Case Analysis Provides Interpretable Success/Failure Boundaries: "Drinking bitter melon juice" benefits from EEG when the cup is occluded; "drawing" and "writing" are distinguished via internal task intentions. However, when cognitive strategies overlap, EEG can lead the model astray.

Limitations & Future Work¶

Data collection is still restricted to seated tabletop activities in controlled environments. While more realistic than screen stimuli, it does not yet cover free-moving real-life scenes; EEG noise in walking, outdoor environments, and social interactions will be more complex.
The number of participants (40) and total duration (61 hours) are still small relative to individual EEG differences. Training stronger brain signal representations may require more subjects and cross-device collection.
Signal-to-noise ratios (SNR) for consumer-grade or portable EEG headsets are limited, resulting in low "Brain only" performance. Current conclusions suggest EEG "complements" vision rather than replaces it for complex daily tasks.

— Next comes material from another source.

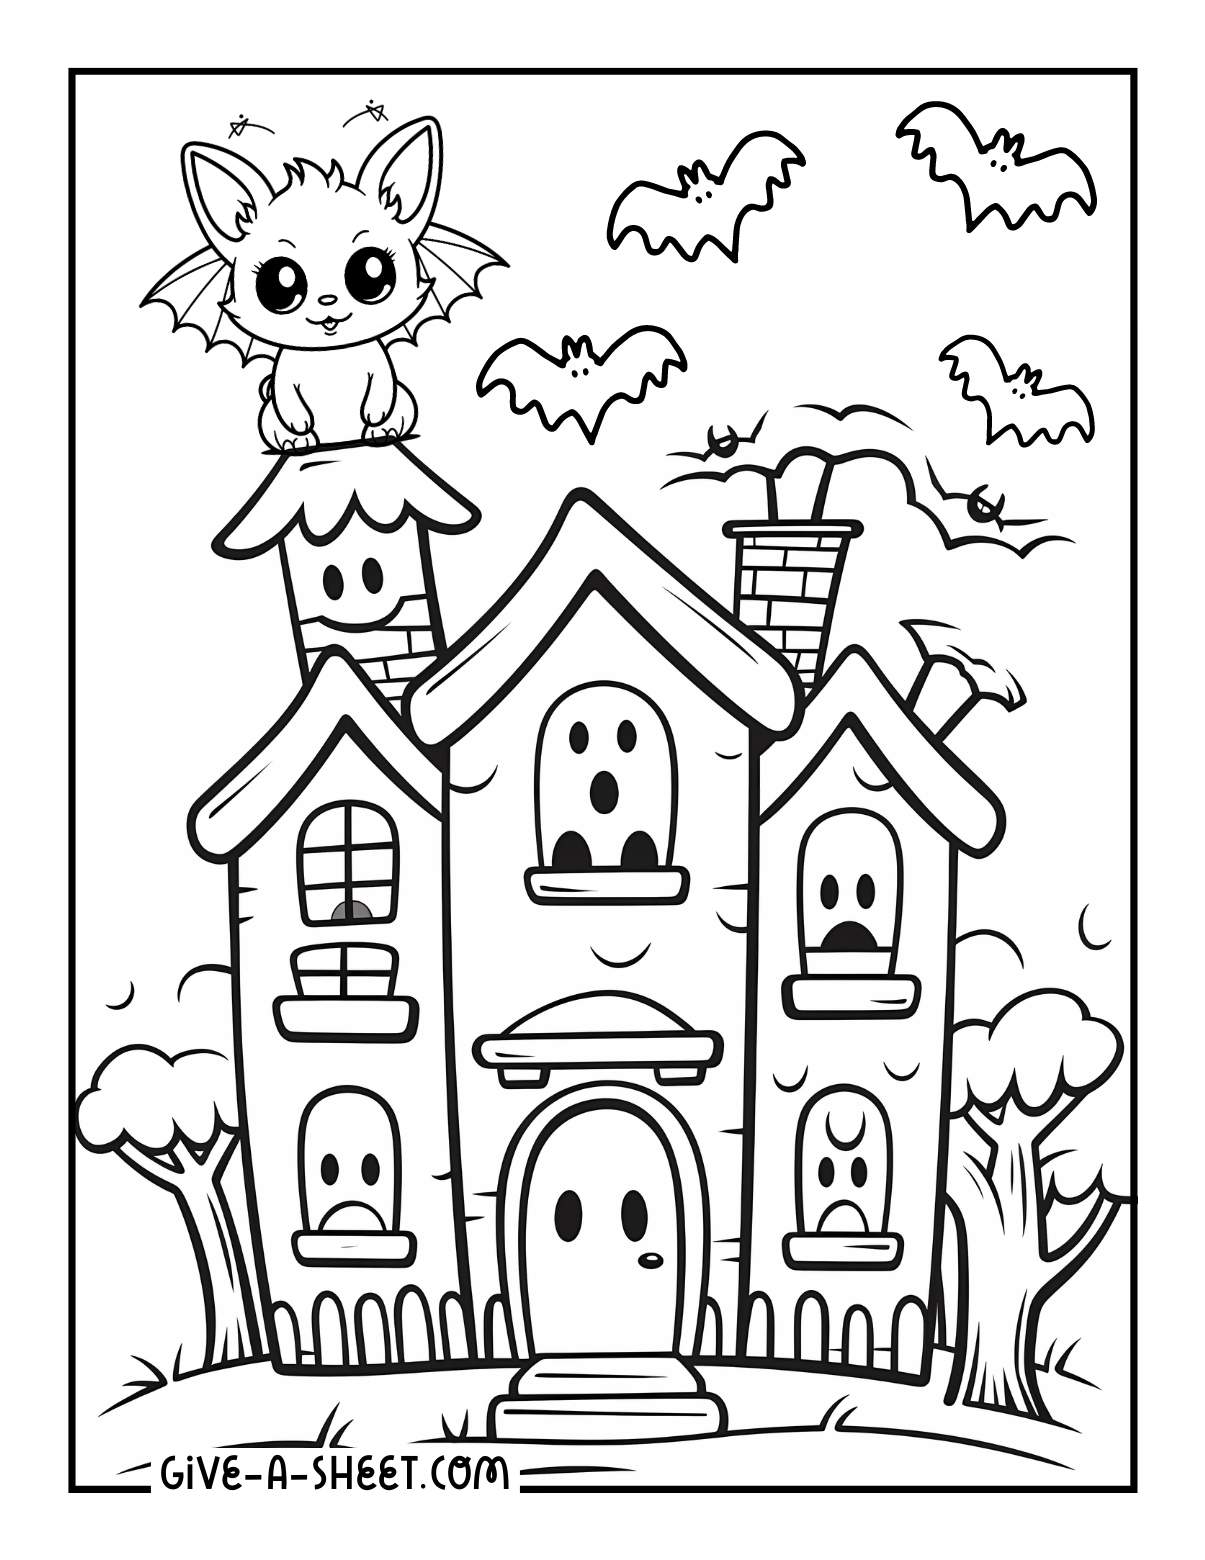 Free halloween printables haunted house friendly bats coloring page.

vs. EPIC-KITCHENS / Ego4D: These offer large-scale video and task labels for studying human-object interaction; EgoBrain differs by adding synchronized EEG to study internal neural states, though at a smaller scale.
vs. EEG2Video / EEG-image decoding: These often focus on decoding visual stimuli from EEG, usually from controlled screen inputs; EgoBrain treats EEG as a complementary modality for real-world action recognition.
vs. TIM: Originally used for time-interval modeling in audio-visual action recognition, Brain-TIM migrates this to brain-vision fusion. The insight is that when sampling rates differ across modalities sharing a timeline, explicit time-interval embeddings are more natural than simple position encodings.

Rating¶

Novelty: ⭐⭐⭐⭐⭐ First large-scale synchronized EEG-video dataset for egocentric action understanding; the problem definition is pioneering.
Experimental Thoroughness: ⭐⭐⭐⭐ Main experiments, ablations, fusion methods, and case studies are complete, though data scale and scene diversity are still limited.
Writing Quality: ⭐⭐⭐⭐ Structure is clear, with comprehensive descriptions of methodology and dataset.
Value: ⭐⭐⭐⭐⭐ The dataset and baseline are excellent starting points for future brain-vision multimodal research, potentially moving egocentric understanding from external behavior to internal state modeling.